Policy moves in Beijing are hitting Chinese corporate bonds and rippling across global markets through the U.S. and European money managers who loaded up on the securities in recent years.
Emerging-markets investors have long been subject to such shocks, but Chinese bonds are now so widely held that swings in their prices are affecting even bond funds that don’t specialize in developing countries, including funds managed by firms such as Pacific Investment Management Co. and BlackRock Inc.
Global bond funds with the most Chinese corporate debt lagged behind their benchmark indexes over the month that ended last Thursday, according to a Wall Street Journal analysis of data from Morningstar Inc. The underperformance coincides with declines in stocks and bonds of Chinese private education, technology and property companies, triggered by regulatory and policy changes.

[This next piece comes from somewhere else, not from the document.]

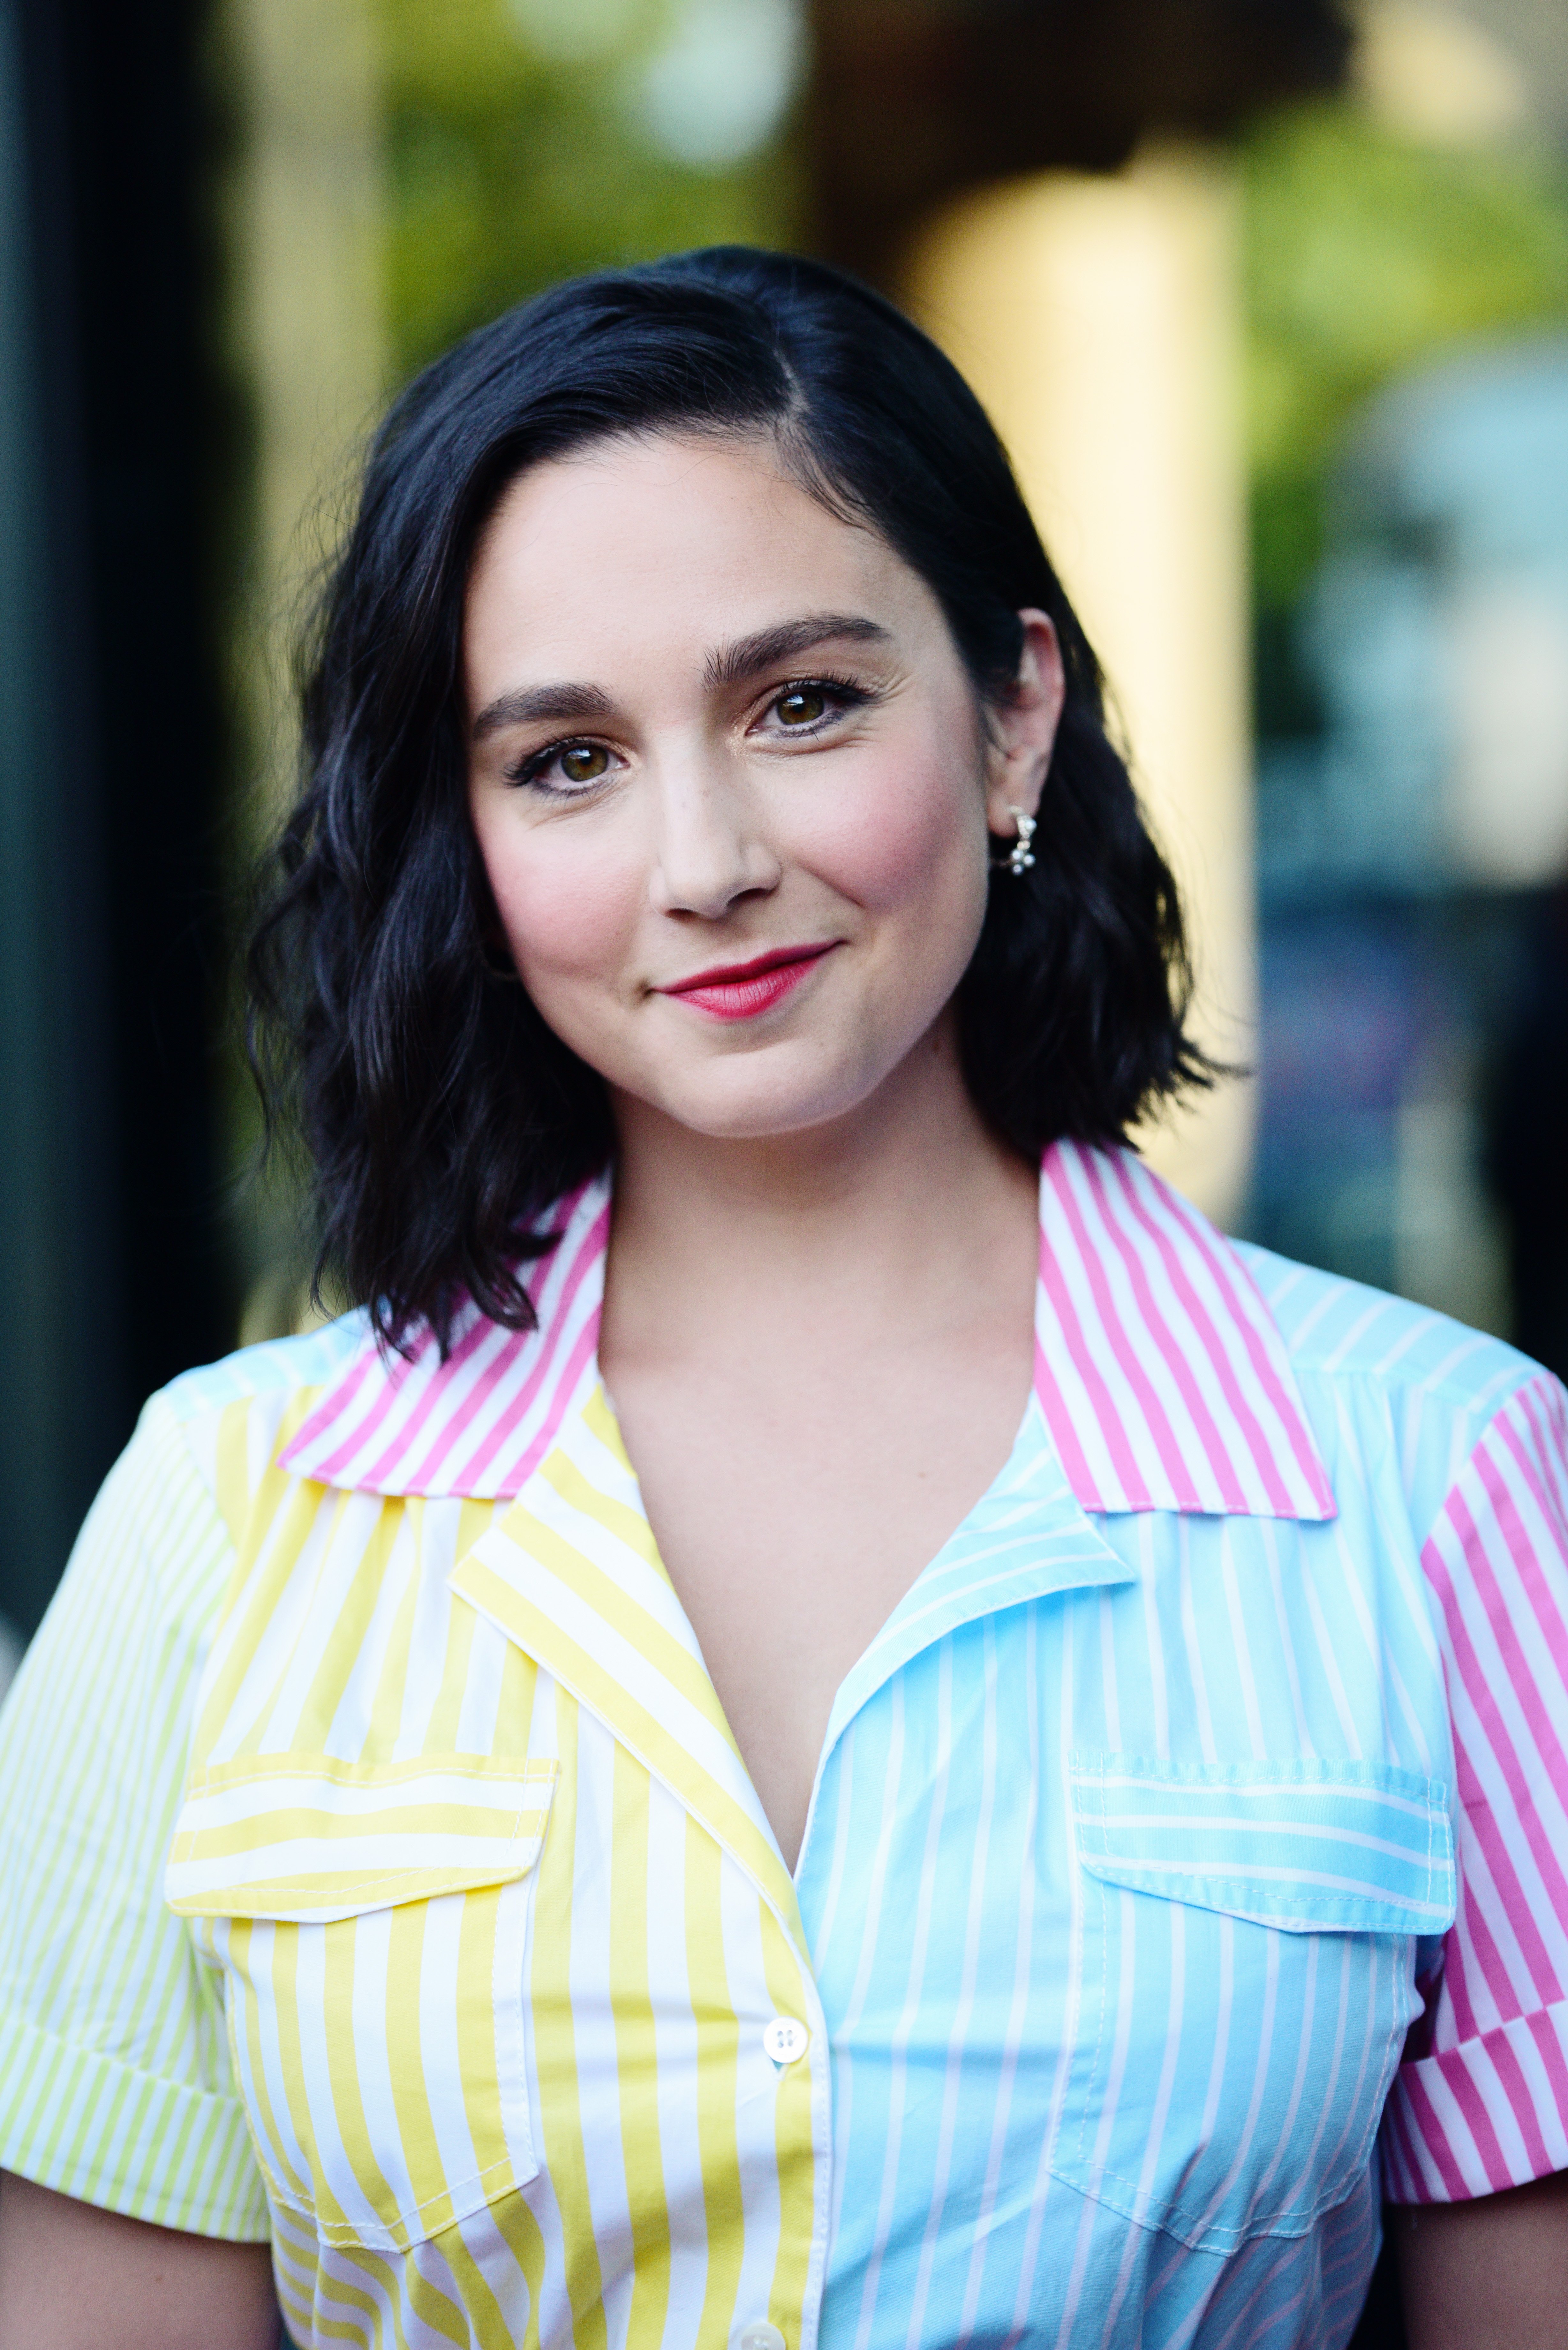 Molly Ephraim attends "A League Of Their Own" screening & panel discussion at Outfest at DGA Theater Complex on July 19, 2022 in Los Angeles, California. | Source: Getty Images

Chinese authorities recently disclosed plans to make private education companies such as New Oriental Education & Technology Group Inc. nonprofit and to rein in technology companies including delivery firm Meituan and internet giant Alibaba Group Holding Ltd. The government also has sent signals that it wants to restrict excessive borrowing by real-estate developers. Fears mounted in July that heavily indebted property company China Evergrande Group might default on its bonds.
Of the 10 nonemerging-markets bond funds with the largest Chinese corporate bondholdings by dollar amount, nine underperformed their benchmarks at the height of the recent turbulence in Chinese debt markets, analysis of the Morningstar data shows. Some of the funds’ performance turned positive in recent days as Chinese corporate bond prices rebounded.